Читаем Семерка (ЛП) полностью

Съёбываюсь отсюда, думал ты. Не по Двойке на запад, потому что по Двойке на запад как раз все сейчас съёбываются. Сверну, размышлял ты, в первое же влево ответвление и поеду какими-нибудь деревенскими дорогами. В Чехию, в Германию. Съебусь отсюда и начну все заново. Не как поляк. Как я. Как Павел. Пауль. Паоло, блин. Курва — как я. Придумаю себе имя, которого нет. Которое взялось ниоткуда. Но меня здесь не будет. Когда рака бьют, пескарей не трогают. Чижику по барабану, когда с барана шкуру снимают. А лично мне все это похуй. И хорошо, крутил ты в голове, буду ГДЕ-ТО, ведь целый мир, курва, поделен на участки, но я буду — ниоткуда. Если кто спросит меня, откуда я — размышлял ты — скажу, что не играю, а только ебу. Что мне все это до задницы. Что я в эту игру не играю. Что сами можете в нее играться. Что лично я не желаю во всем этом дерьме копаться. Скажу, ну а почему бы и нет, скажу, где родился и даже то, кто мне какое имя дал, но при том же скажу, что это ничего не значит. Что мне до лампочки. Не буду поляком, подумал ты — и все.

Но и это все тоже было пустотой.

Самого себя не мог уболтать, что ты не поляк, а другим, полячок, желал лапшу на уши вешать, говорить, что нет?

И вот на кой ляд все это было нужно? — размышлял ты. Не нужно было молить о всеобщей войне за свободу народов[263]. Нужно было это дело слить. Существовало бы, самое большее, три Польши[264], а все поляки ходили бы окутанные теплом страдания народа, не имеющего собственной страны. Композиторы бы компонировали, писатели — писали. Террористы гибли бы за нее, за Польшу, прекрасную Полонию в белых одеждах, романтично взрывая себя в поездах Deutsche Bahn'а, в российских маршрутках, в австрийских кондитерских, а мир постепенно был бы ими и всеми остальными сыт по горло. Но композиторы бы компонировали, писатели бы писали. Открещивались бы от терроризма, говорили бы «not in my name», «we don't support killing people»[265]
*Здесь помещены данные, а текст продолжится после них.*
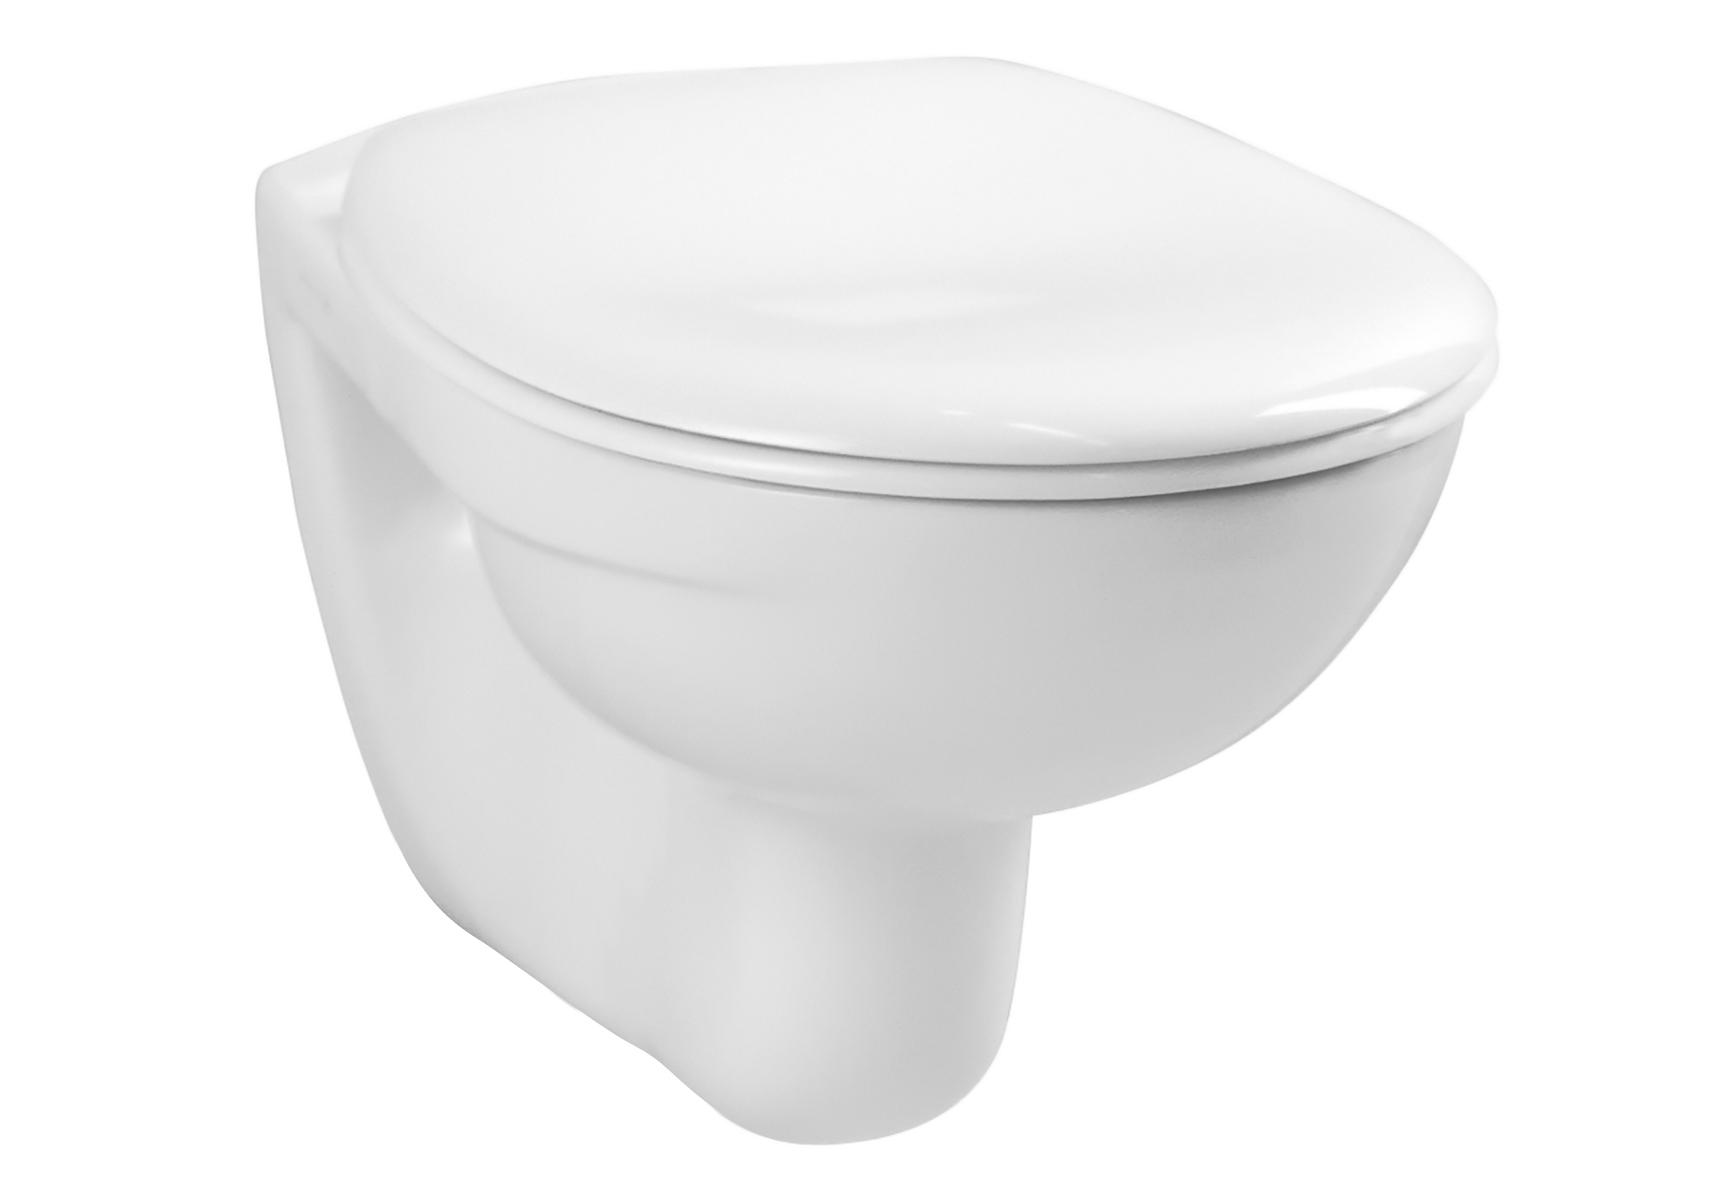 Normus WC suspendu avec fonction bidet, 54 cm
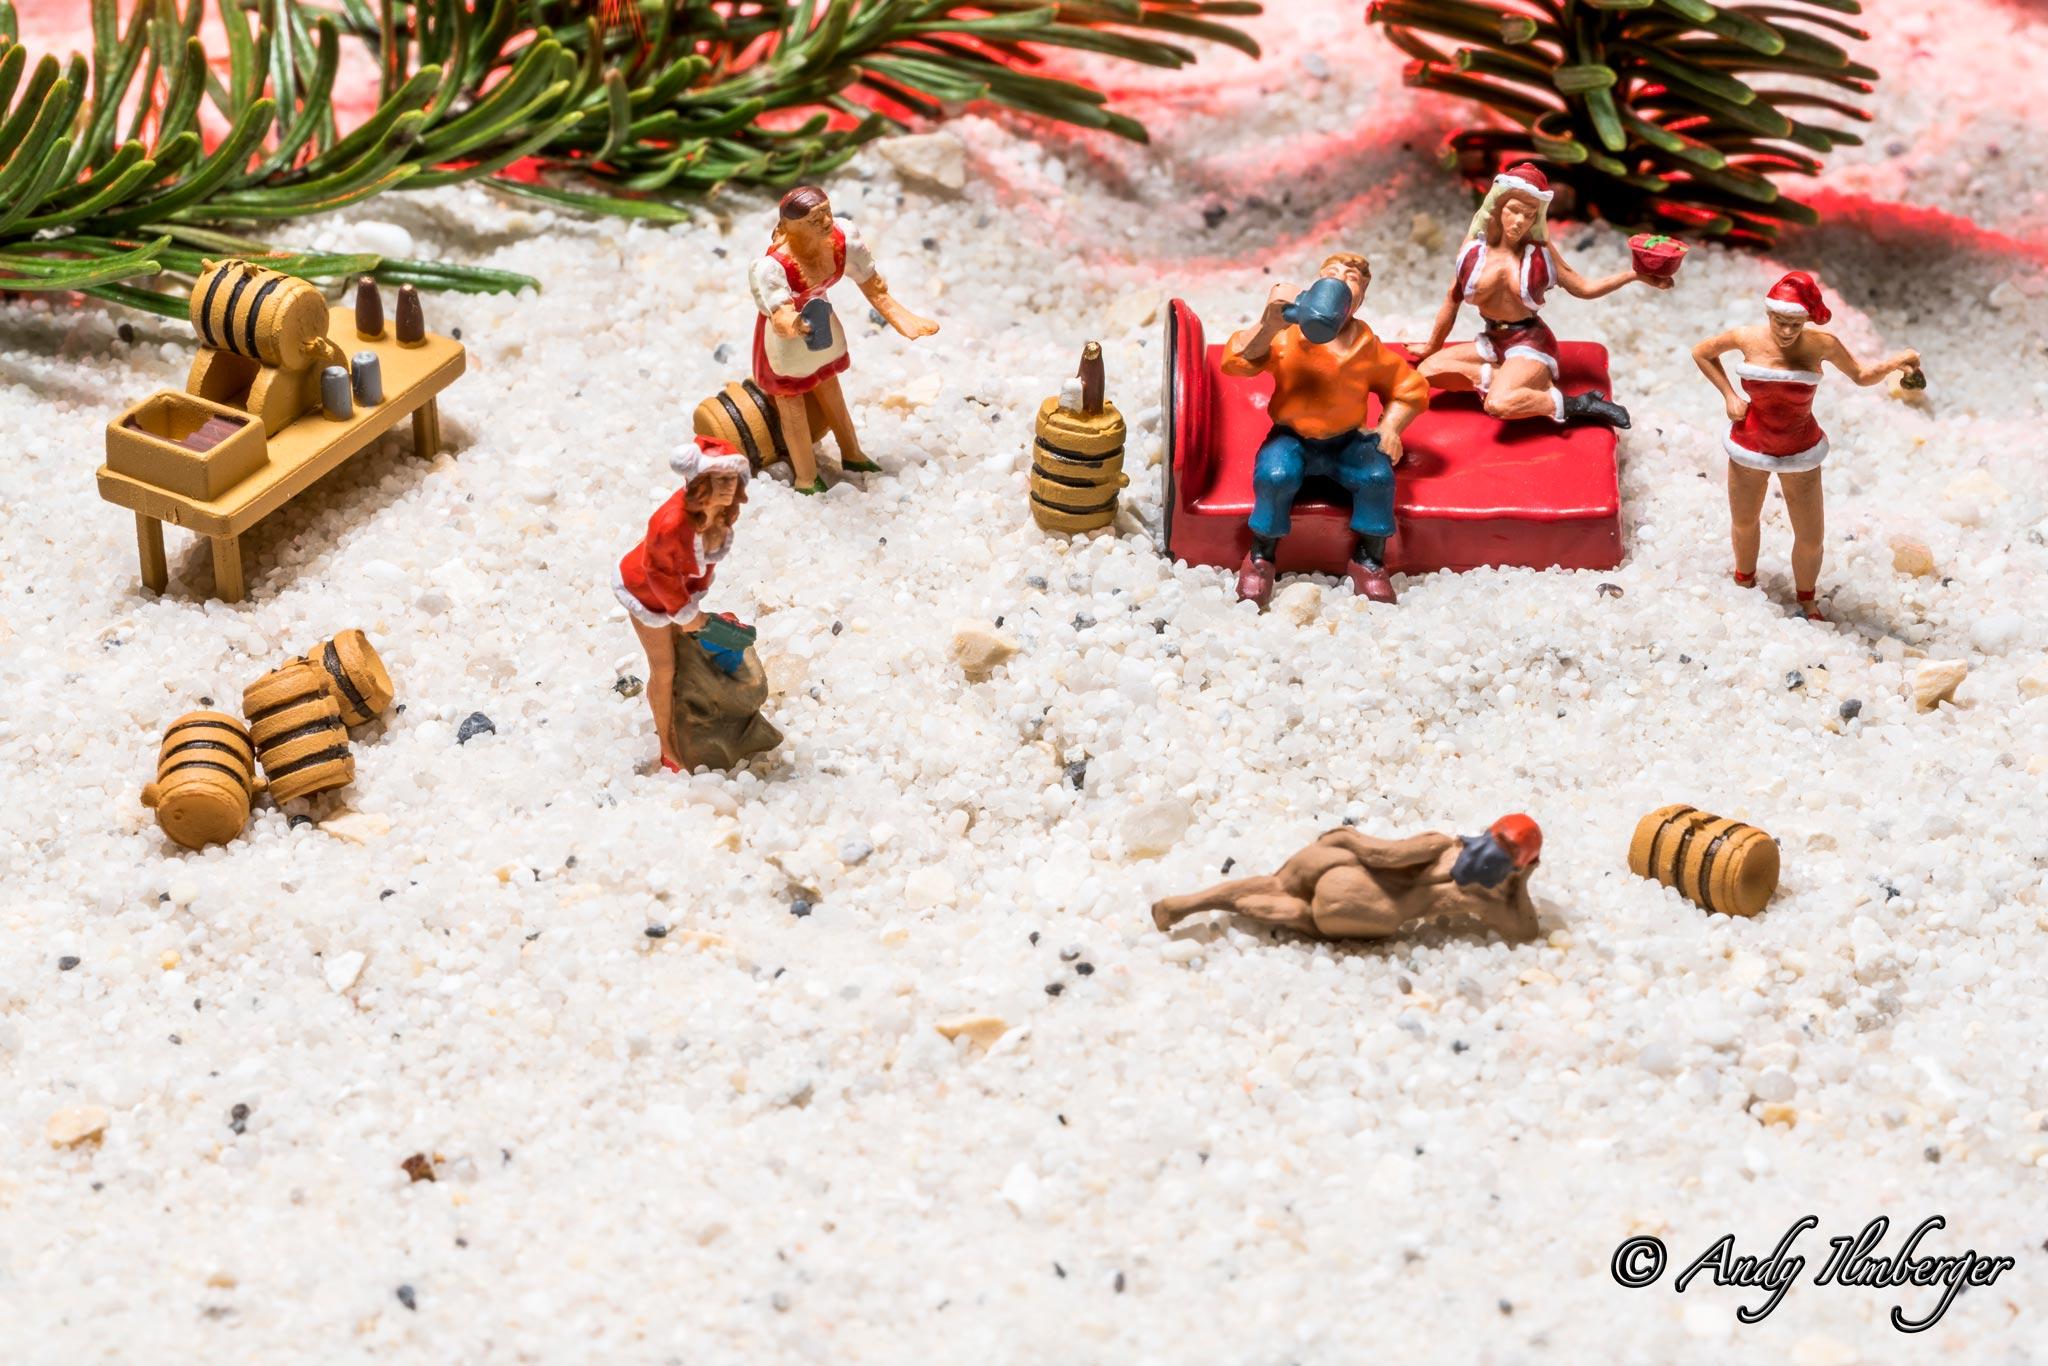 Mann träumt von Weihnachten - H0-Figuren in Szene gesetzt von © Andy Ilmberger im Kleine-Helden.Club

— и писали бы, и компонировали. Какой бы прекрасной была бы Польша, если бы существовала — так бы они писали. Польские историки доказывали бы, что это должен был бы быть самый расчудесный край под солнцем, ибо так, а не иначе, он попросту обязан быть — в срединке Европы, между Востоком и Западом, на пересечении всех линий. Каждого, кто бы с ними не соглашался, называли бы полоноедом и полонофобом. А другие создавали бы альтернативные истории и изображали бы Польшу раем на земле. Германский порядок, славянская душа. Германский крафт[266], славянсая спонтанность. Так было бы здорово. И на кой ляд это вот рожать в таких муках и столько раз, лишь затем, чтобы этот труп, обреченный на смерть истории, на каждом шагу реанимировать? Этот вот ядовитый и безнадежный проект, который никогда не может удаться, но который, курва, всякий раз ангажирует в себе на жизнь и на смерть миллионы добровольцев, которые выпускают ради него все свои бебехи до остатка, и только хрен чего с этого имеют? Ну вот что они впишут в собственный c.v.[267]? Родился поляком/полькой и посвятил/посвятила жизнь Польше, работая в качестве волонтера, на добровольной основе? В любой нормальной стране на них посмотрят как на фрайеров. В любой нормальной стране, начнем с того, не используют оборота «в любой нормальной стране». Польша — это страна, являющаяся всем. Потому что является всем сразу, ибо за тысячу лет не заработала себе даже приличной формы, ведь форму — это так, на всякий случай — лучше всего не принимать, а то вдруг еще та окажется хуевой, и что тогда скажут люди в любой нормальной стране, так что лучше смотреть, как форма принимается сама, и делать вид, что это вот наша форма и есть. Польша — это страна, которая саму себя не примет, но не потому, что у нее такие высокие требования, но лишь потому, что она не является тем, кем хотела бы быть, то есть, любой нормальной страной. Любой другой. Страна, обитатели которой над ней либо издеваются и ее ненавидят, либо же возбуждают в себе болезненную к ней манию и этой страной болеют — а ведь ни в одной нормальной стране такого нет.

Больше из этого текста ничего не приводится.